Nick Clegg plans to pick Danny Alexander over Vince Cable as Lib Dem economy chief

 

Political Editor

Nick Clegg is expected to appoint Danny Alexander rather than Vince Cable as the Liberal Democrats' main economic spokesman at next year's general election.

The move follows a power struggle between Mr Alexander, who has worked closely with George Osborne as his Treasury deputy, and Mr Cable, the Business Secretary, who is closer to Labour than the Conservatives.

Mr Cable was shadow Chancellor in the run-up to the 2010 election. He was described as the "sage of the credit crunch" after predicting the housing market collapse and banking crisis. Some Lib Dem MPs hoped he would return to the key economic post for next year’s campaign.

But in the clearest sign yet that the job will go to his younger rival, Mr Clegg and Mr Alexander have written a joint article setting out the Lib Dems' stance on tax and spending in the 2015-20 parliament.

While they share the Conservatives’ goal of balancing the nation’s books by 2017-18, they accuse the Tories of being “wedded to austerity for austerity’s sake.” They say the Lib Dems have a “profoundly different approach”, rejecting Mr Osborne’s plan for £12bn of further welfare cuts and proposing taxes rises for the very wealthy. In an important change, they want borrowing limits relaxed for investment projects which ensure  economic growth and financial stability – including the building of 300,000 houses a year.

Today, Lib Dem sources said no final decision had been taken yet on who would take on the economic portfolio.

In part, the promotion of Mr Alexander would be seen in part as a reaction to the plot by Mr Cable's friend Lord Oakeshott to oust Mr Clegg after the Lib Dems' poor performance in last month's Euro and local elections.

Lord Oakeshott commissioned opinion polls on whether the party would do better with another leader. Mr Cable, the man most likely to take over if Mr Clegg was removed before the general election, distanced himself from the former Lib Dem peer but admitted he knew about some of the polls.

However, there were already signs before the failed coup that Mr Alexander could beat Mr Cable to the economic post. He is closer to Mr Clegg than the independent-minded Mr Cable.

The Business Secretary is said to be relaxed about "labels" and confident he will still play a role on economic affairs in the election campaign.
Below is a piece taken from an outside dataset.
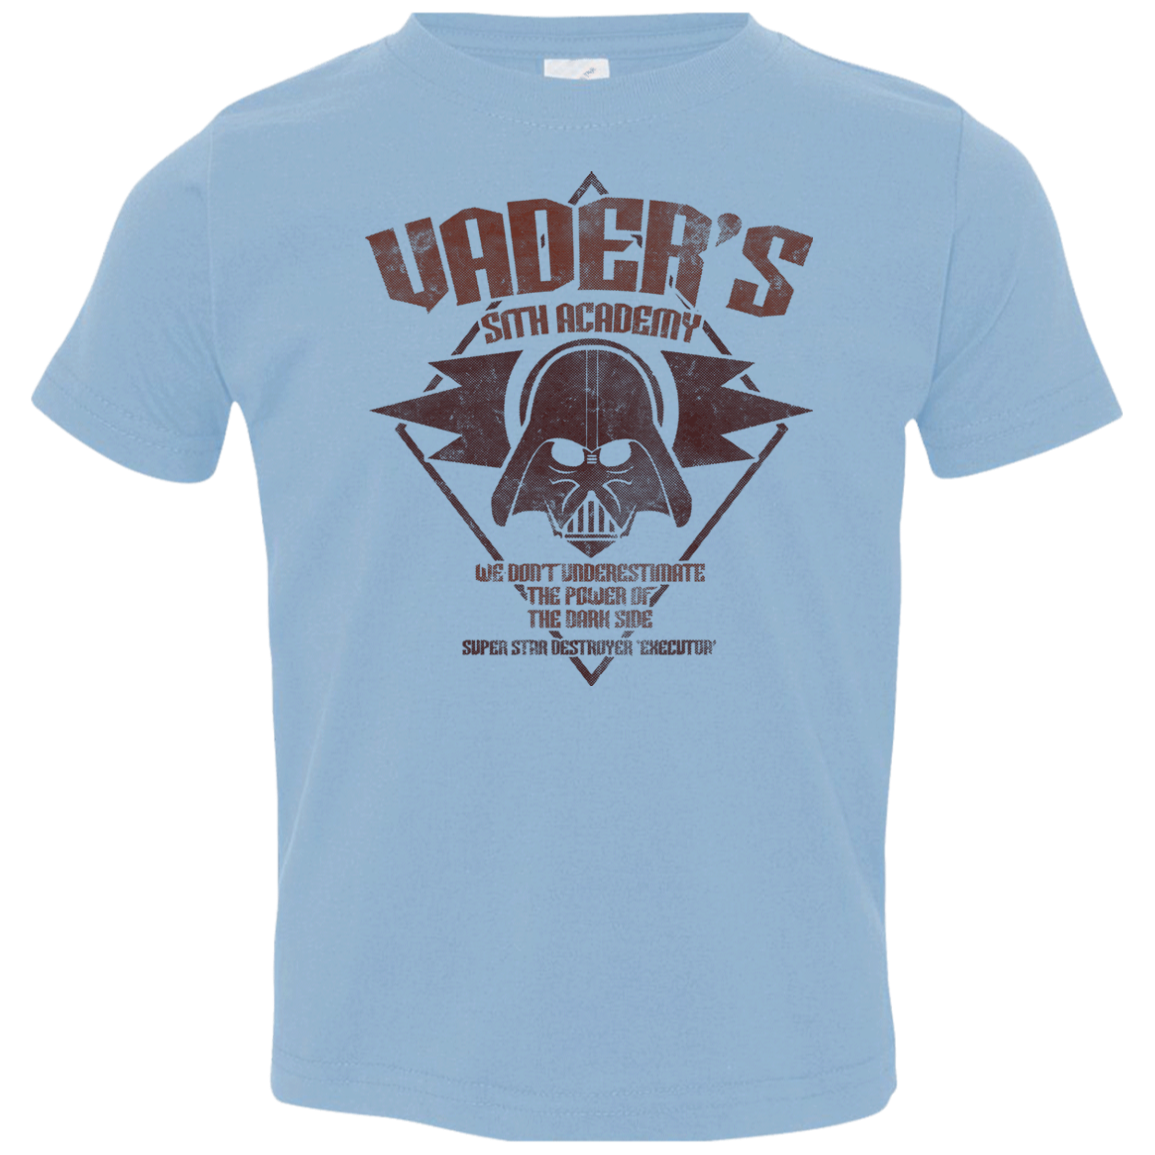 Vader Academy Toddler Premium T-Shirt

Mr Cable has been calling for months for curbs on mortgage lending to prevent a housing bubble, which Mr Osborne announced on Thursday.

Ironically, Lib Dem MPs believe the new fiscal policy set out in the Clegg-Alexander article marks a significant shift towards Mr Cable's long-standing approach and takes the Lib Dems closer to Labour.

Some grassroots Lib Dems have accused Mr Alexander of “going native” at the Treasury and locking the party into “Osbornomics”. They regard the move away from “the politics of austerity” as a welcome admission that it damaged the Lib Dems at last month’s elections.

“The new fiscal policy is what Vince has been seeking for four years and Danny has been resisting,” said one Lib Dem MP.

Allies of the Deputy Prime Minister recognise Mr Cable’s experience and expertise but have said previously that he sometimes behaves more like an economic commentator than a Cabinet minister. They regard Mr Alexander as a safer pair of hands for the heat of an election. Mr Clegg’s faith in the Treasury Chief Secretary was shown when he put him in charge of planning for post-election period, a crucial role in the event of another hung parliament.